Linda, I just read your beautiful tribute to your mother. My mother also died just before Christmas 18 years ago. The beautiful part of that was that our grandson arrived within the hour of her passing--I am sure to this day that she greeted him as he began life on this earth just as she was leaving.

MommaC said...

My thoughts and prayers are with you and your family, Linda.
I agree with you that it is such a blessing when our loved ones pass to be with others that have gone on before them.
My father left us on Dec.7th to be with my mother who passed 4 1/2 months earlier on July 25th.
I, too, will miss them like crazy but I'm so happy that they are together again and not ill any longer.

Mickey Roberts said...

Dear Linda: I think of the Love that went into the narratives that you shared with us about your parents. I think about the Love that you and your families showered over your Mother in her last months/days/hours. How blest all of you are to have a faith so strong and so vibrant in your lives.

Inky Images said...

Linda,

I just now visited your blog and saw your post about your mother. What a beautiful passing. It reminded me so much of how my father passed away 5 years ago. Please know I'm sending hugs and prayers your way.
Karen

Anonymous said...

Thank you for sharing your story. How proud your parents must be of you. Life does work it mysterious ways as it was important that you were able to have the last several months with your mother rather than away all day long at some other job. Best wishes to you and your family. You should consider writing a book as you write beautifully.

Tracy said...

Linda,
First, I am so sorry for your loss.
Second, your post was beautiful. I typically don't have the patience to read through a long post, but I was glued. How wonderful for you to have these treasured memories of your mother documented. This is the first time I have visited your page, but I felt like I was right there with you. God bless.

Brittany said...

Linda,
I don't really know you, but I met you at one RMAP support group (I had surgery the same day as Becky and was talking to her - then I recognized you off her blog and linked over).
Anyway, I think this is a beautiful tribute to your mother. I am sorry for your loss. What a touching post! I wish you comfort in this difficult time.

Brittany

conductorchik said...

Linda I am so sorry for your loss, and commend you on how strong, thoughtful, and peaceful your post was. Our thoughts are with you and your family as you continue to heal.
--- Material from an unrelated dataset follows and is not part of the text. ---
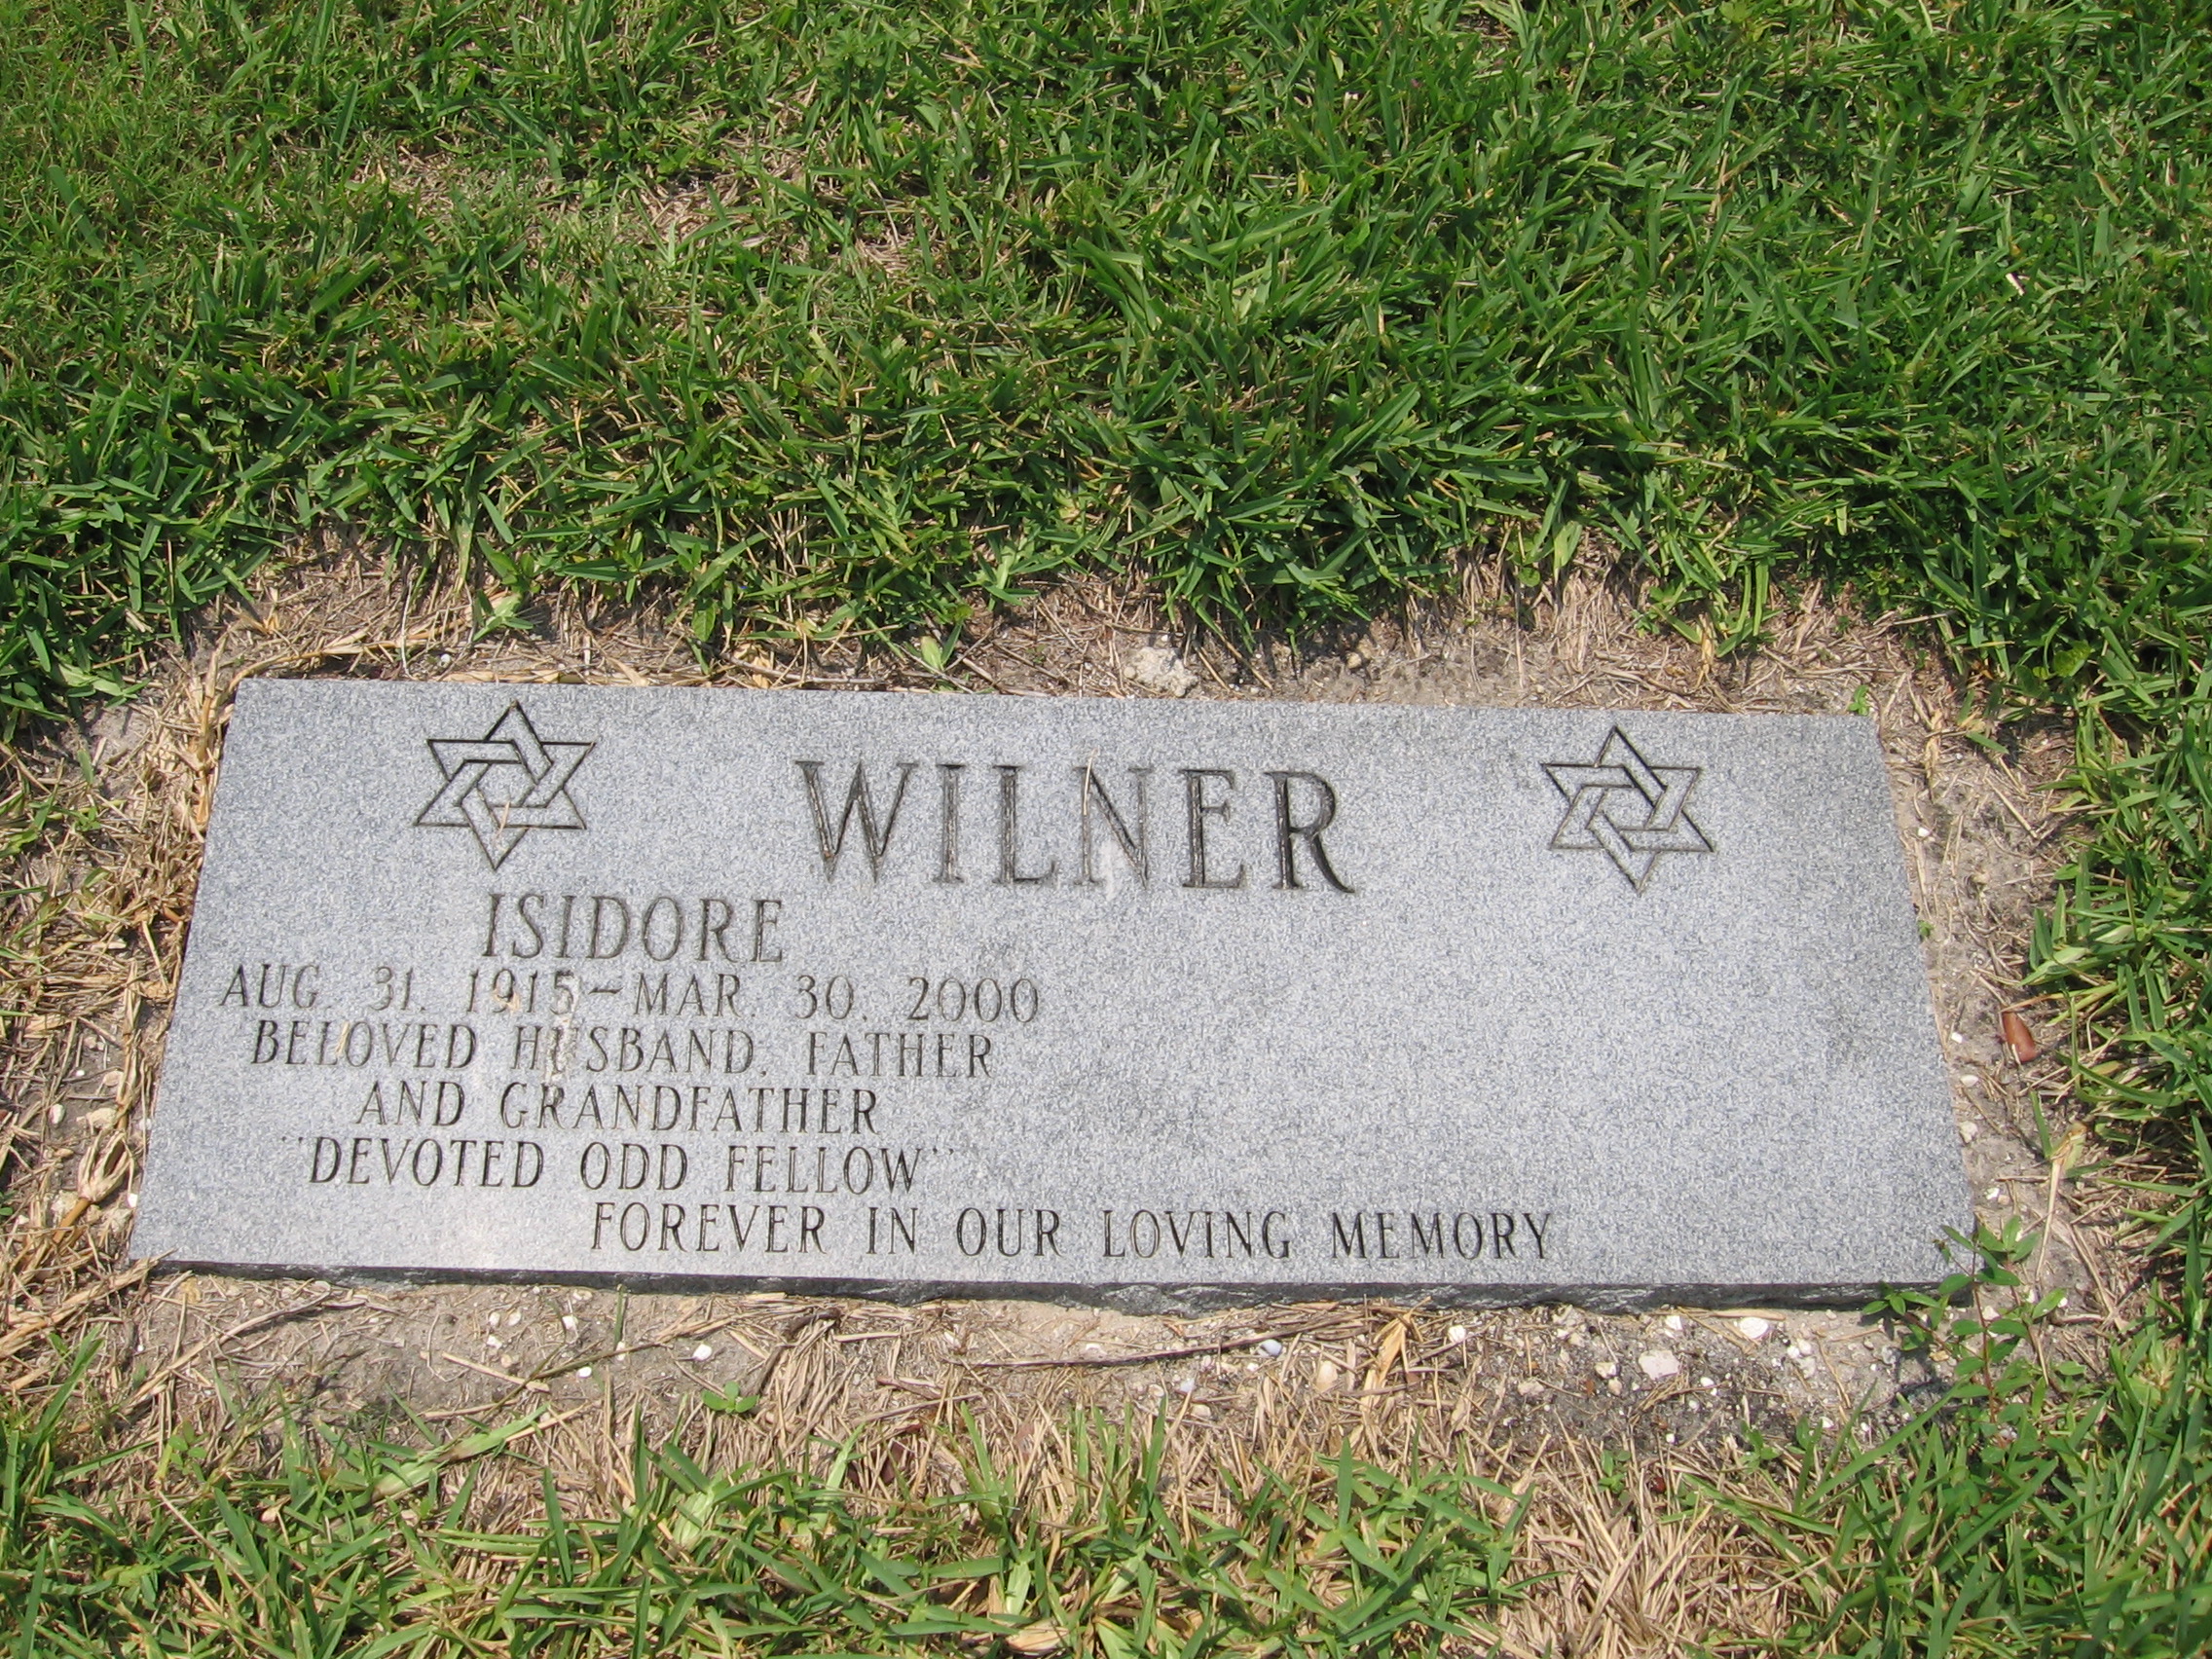 Isidore Wilner

Sylvia De Jong-Simpson said...

Linda,
I have been so remiss in visiting all of my favorite blogs since before the end of the year and today I felt compelled to do so and much to my sadness, discovered that you had lost your mother on Christmas Day. How sad and yet happy it was for you to say goodby and yet celebrate her not being in discomfort and pain. I know that the Lord looked over you and your family and for that I am most grateful! Please know how very sorry I am to hear of your loss. And your telling of it and her life was done so beautifully. You are indeed a product of your mother and father and I'm so grateful that God has put you in my life.
In His Love,
Sylvia

DreamNT said...

Great post! We adore this blog. Thanks for sharing.